To date, the involvement of many miRNAs in diabetic complications such as retinopathy, nephropathy, neuropathy, and cardiovascular and pulmonary complications has been demonstrated [12, 14]. Also decrease the expression of miRNA-155 in severe asthma and its inhibition in people with lung inflammation and ductal mucus secretion. MiRNA-15 decreases the number and secretion of Th2 lymphocytes [15]. In asthma, the level of miRNA-133a decreases [16]. In asthmatic mice models increasing the expression of this miRNA decreases airway remodeling (by affecting airway smooth muscle) [17]. miRNA-133a expression is decreased in the bronchial smooth muscle of asthma patients, which increases RhoA levels and improves bronchial response and sensitivity [18]. MiR133a has a protective effect against fibrosis in human lung fibroblasts (HFL).

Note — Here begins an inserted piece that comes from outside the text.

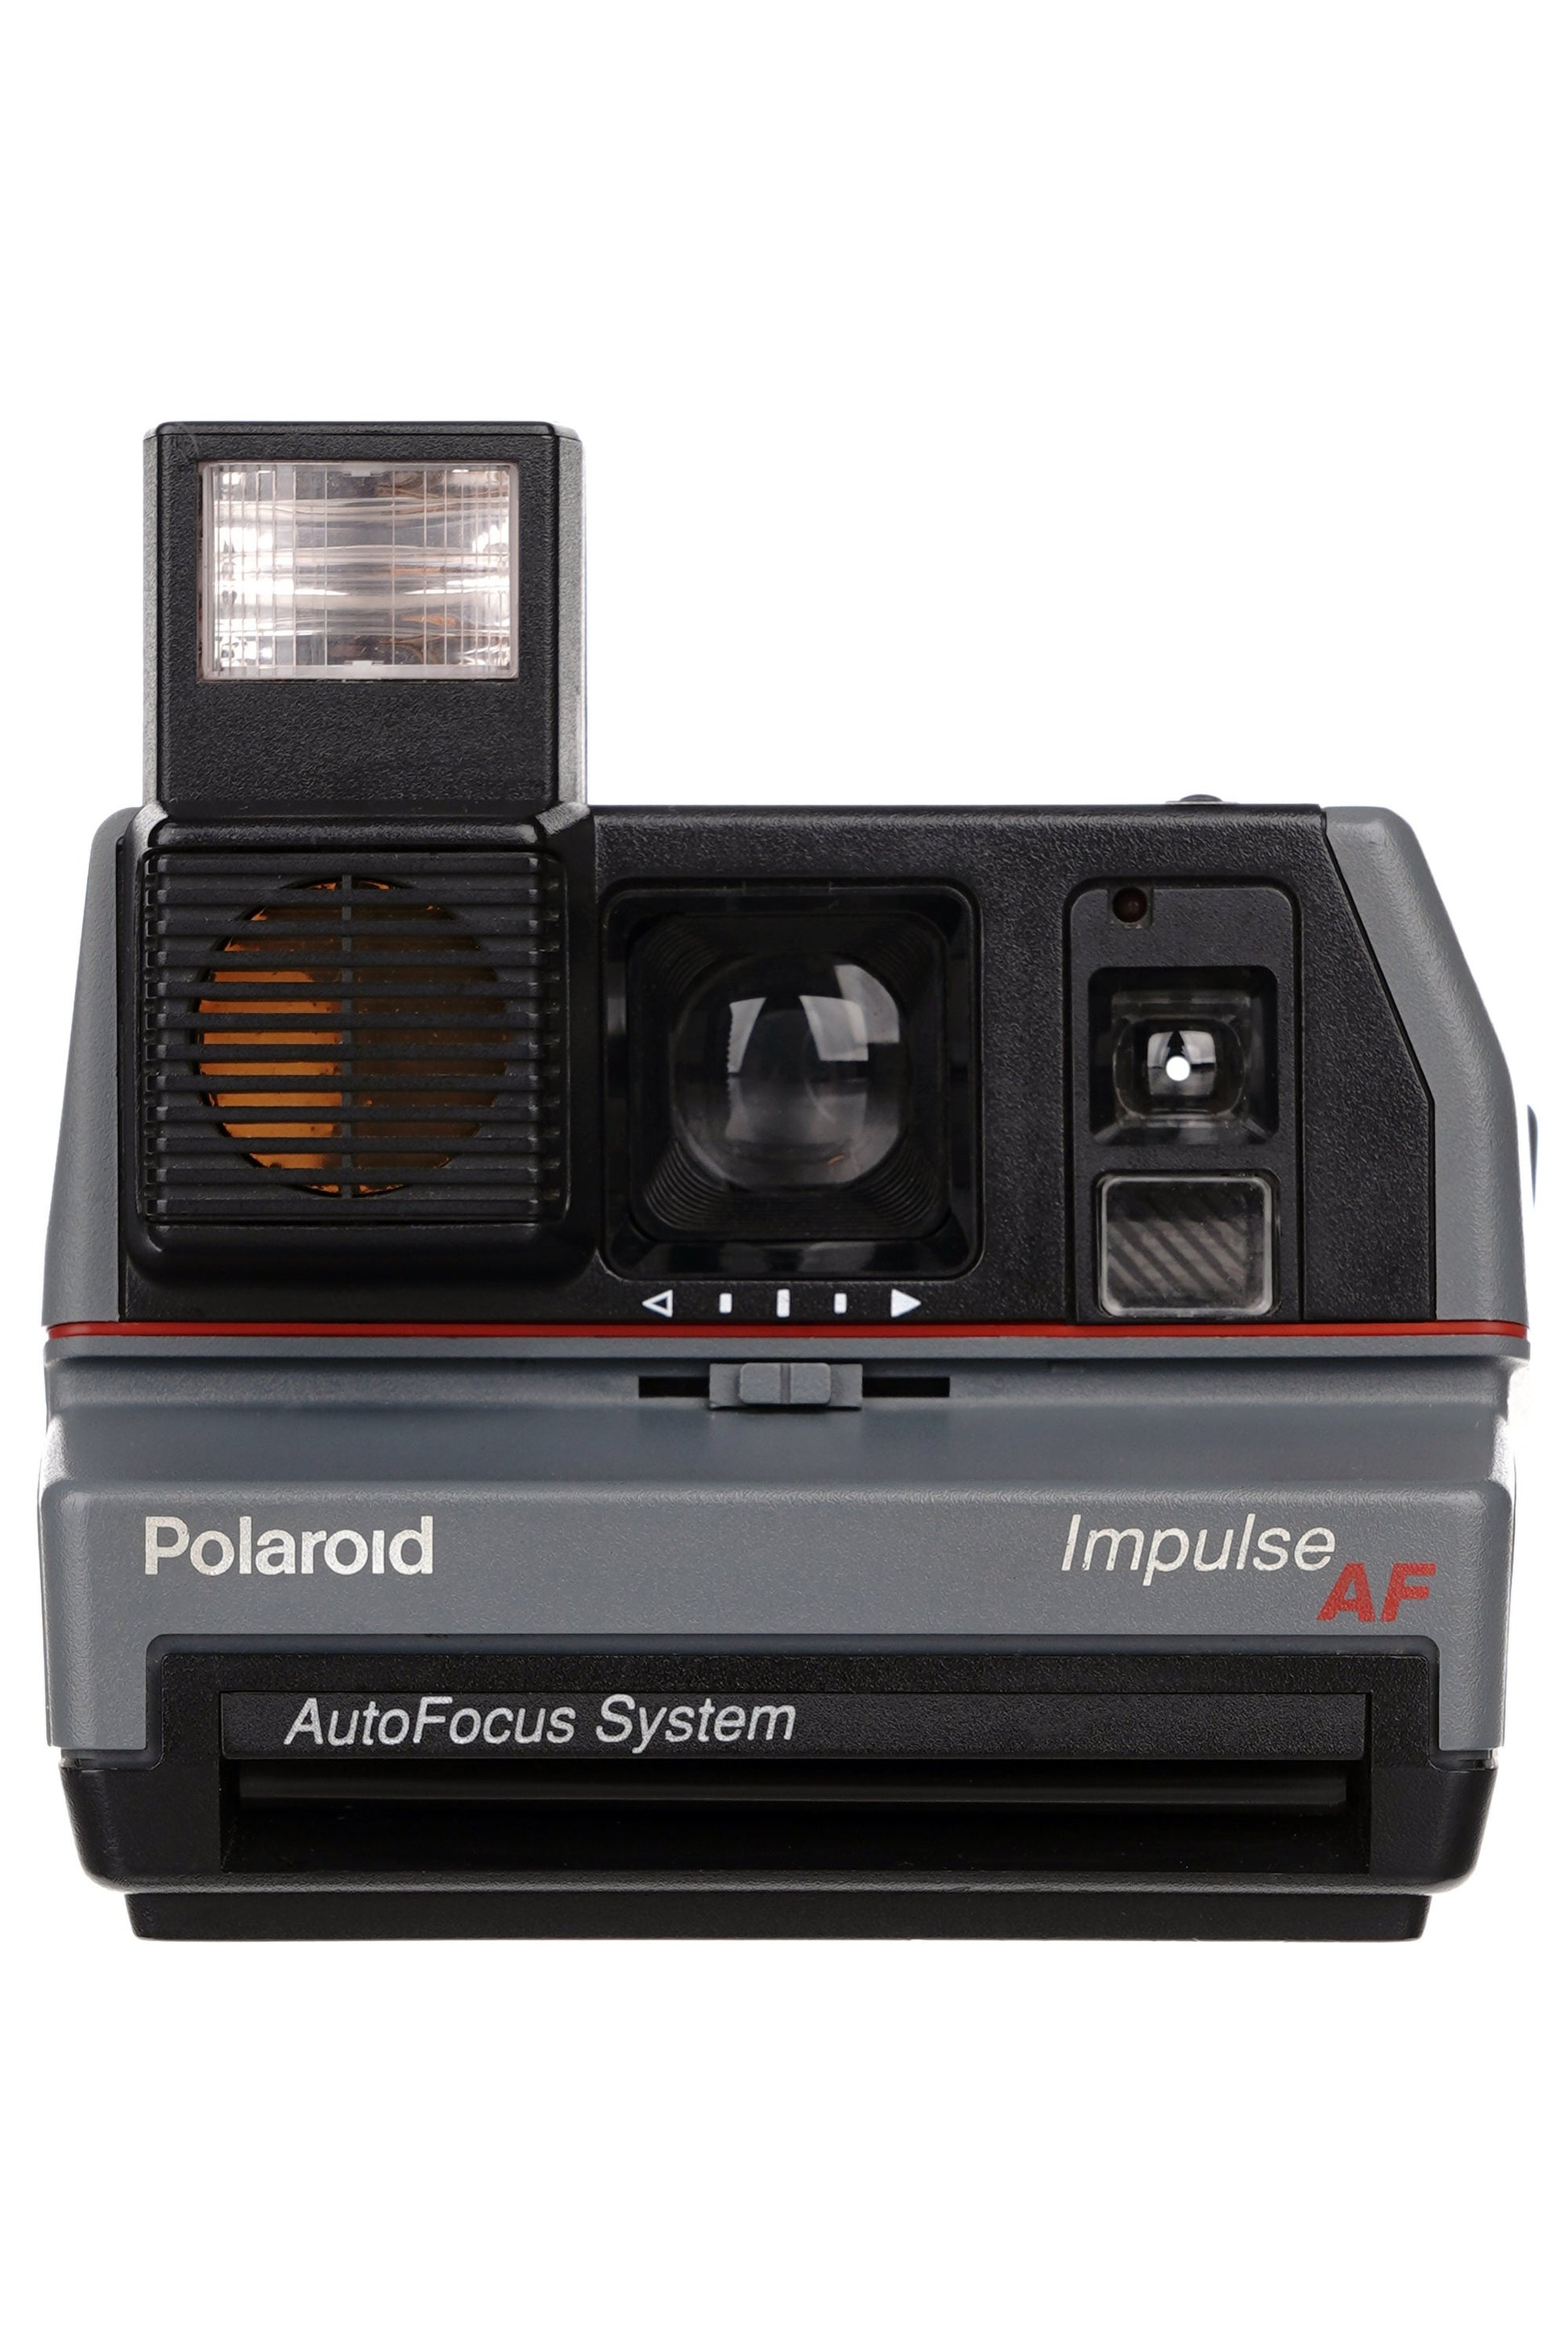 Polaroid Impulse Portait Instant Film Old Fashioned Polaroid Camera Autofocus AF - Vintage Polaroid Instant Cameras

It suppresses myofibroblast development and progression of pulmonary fibrosis by inhibiting TGF-1 [18]. It is noteworthy that quantitative proteomics research has shown that miRNA-133a suppresses myofibroblast development by targeting numerous components of the profibrogenic TGF-1 pathway. Western blot studies showed that miR-133a suppressed the production of traditional myofibroblast differentiation markers such as -smooth muscle actin (SMA), connective tissue growth factor (CTGF), and collagens in response to TGF-1 stimulation [19].
The level of miRNA-155 in the serum of patients with type 2 diabetes is low [20], suggesting that miRNA-155 controls blood glucose levels in patients with diabetes. Genetically modified mice expressing higher levels of miRNA-155 were more to have hypoglycemia and increased insulin sensitivity [21, 22]. The level of miRNA-155 in foot ulcers of study participants in the diabetes group is higher than usual [20], which suppresses FGF7, effective in wound healing and wound epithelialization. By inhibiting miRNA-155, the wound healing rate was significant [20]. Studies on the inhibition of miRNA in preclinical models of asthma, cystic fibrosis (CF), and IPF have shown that therapeutic targets are satisfactory [23–25]. In animals, microRNA inhibitors administered directly into the respiratory tract via nebulizers or inhalers increase the expression of groups of genes with complementary "seed" sequences in their mRNA-untranslated regions for selective and targeted microRNA binding. These results show that it is possible to change the way microRNAs work to develop new treatments for chronic lung diseases [26].
Glycosylated protein in the lung and thoracic tissues after hyperglycemia, the resistance of collagen to proteolysis, and finally, the accumulation of this protein in lung connective tissue may cause lung disease in patients with diabetes. Understanding the mechanism of these disorders will help diagnose and treat the lung damage caused by diabetes. MiRNAs are markers for various diseases. Therefore, in this study, we investigated the effects of type 2 diabetes on lung tissue damage and the expression of miRNA-155 and miRNA-133a in lung tissue of male rats.